# Notebook Instructions

1. If you are new to Jupyter notebooks, please go through this introductory manual <a href='https://quantra.quantinsti.com/quantra-notebook' target="_blank">here</a>.
1. Any changes made in this notebook would be lost after you close the browser window. **You can download the notebook to save your work on your PC.**
1. Before running this notebook on your local PC:<br>
i.  You need to set up a Python environment and the relevant packages on your local PC. To do so, go through the section on "**Run Codes Locally on Your Machine**" in the course.<br>
ii. You need to **download the zip file available in the last unit** of this course. The zip file contains the data files and/or python modules that might be required to run this notebook.

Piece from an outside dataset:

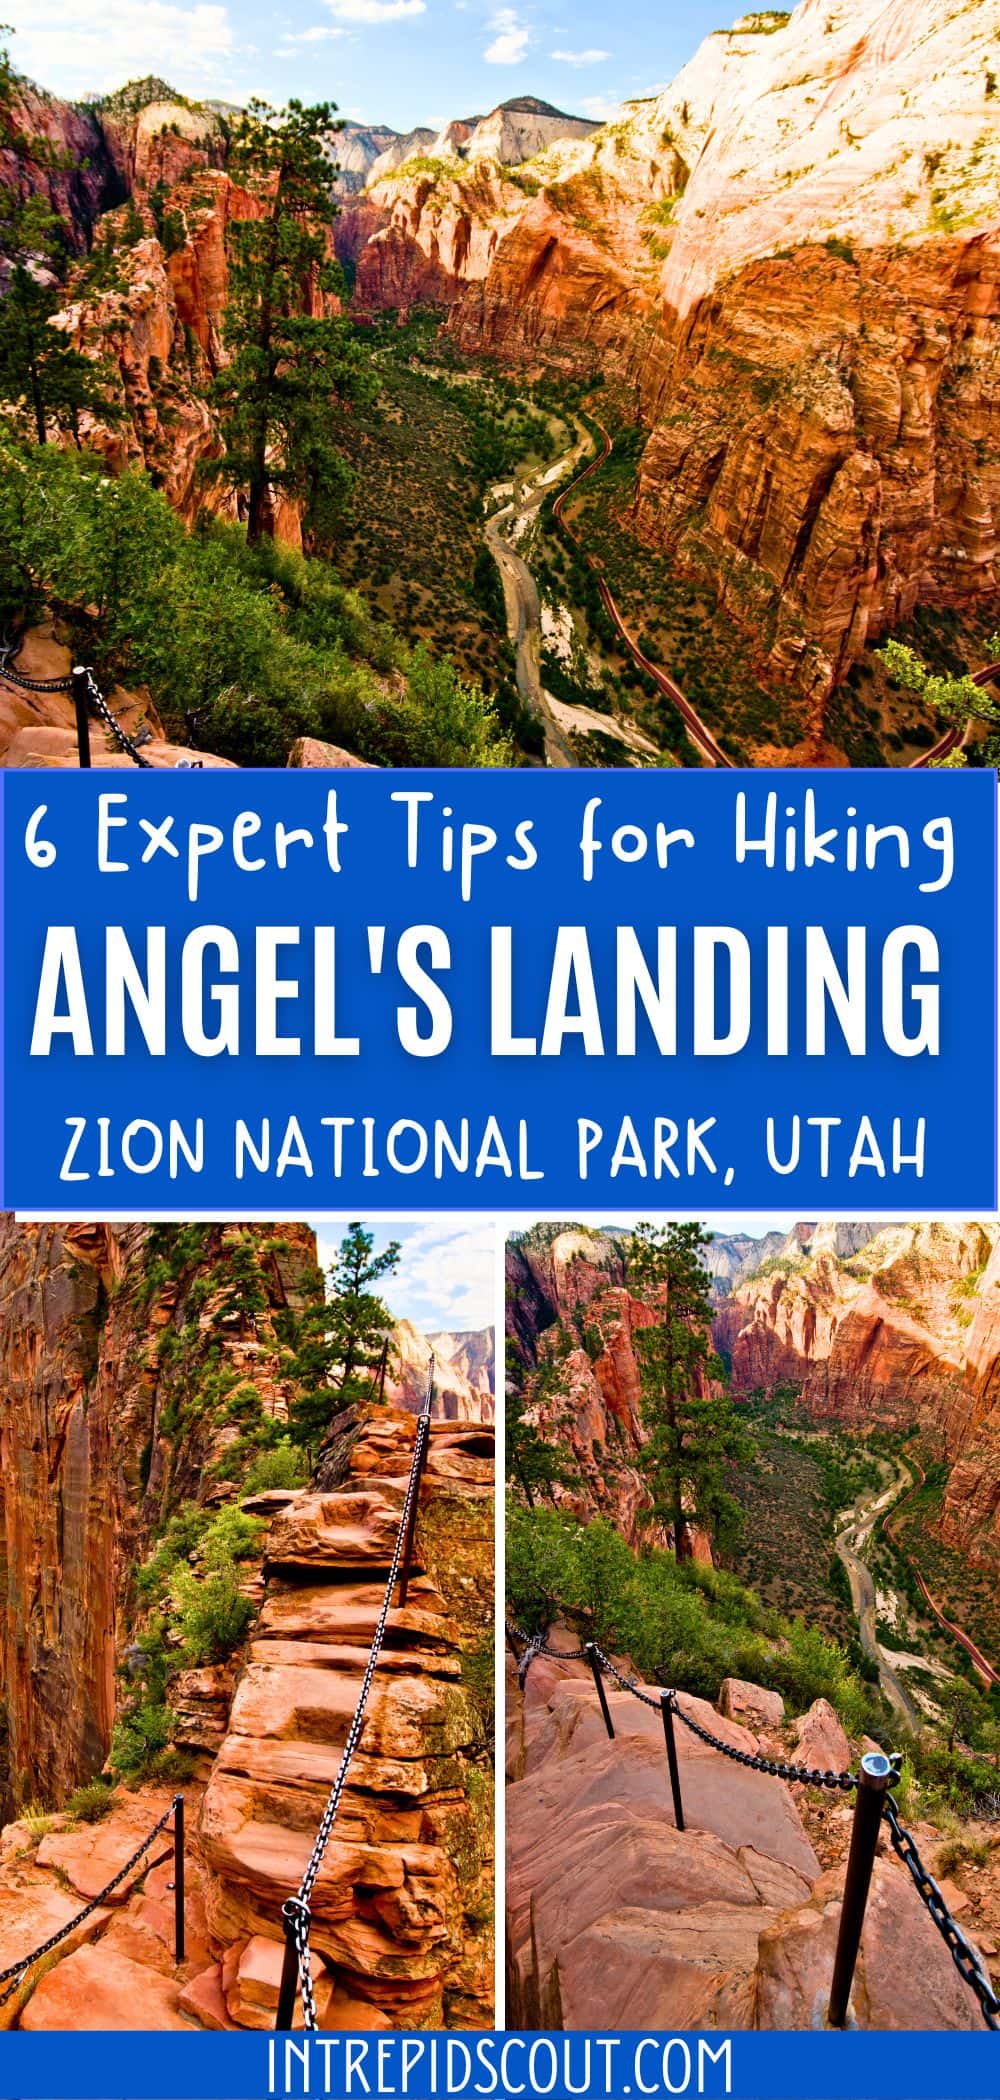 Tips for Angel's Landing Hike

# Artificial Neural Networks Based Double Deep Q Learning Agents


In a reinforcement learning problem, except for the environment, the agent is the other cardinal part. In deep reinforcement learning, the agent is modelled using Artificial Neural Networks (ANNs). In this notebook, you will look at the Keras definitions of the two identical ANN-based agents which are used for creating the two Q-tables for Double Deep Q Learning architecture. Both of them are trained using different samples. This is done so that they can later be compared for value overestimation. This helps stabilise the learning process and helps make it fast.

In this notebook, you will perform the following steps:

1. [Import Modules](#modules)
1. [Read OHLCV data](#read)
2. [ANN hyperparameters](#hyper)
3. [Define ANNs for DDQN](#net)

<a id='modules'></a> 
## Import modules

First, we import the modules. We import the sequential model, the dense layer and stochastic gradient descent (sgd) optimizer from the Keras package. We also import the Game class from the quantra_reinforcement_learning module. 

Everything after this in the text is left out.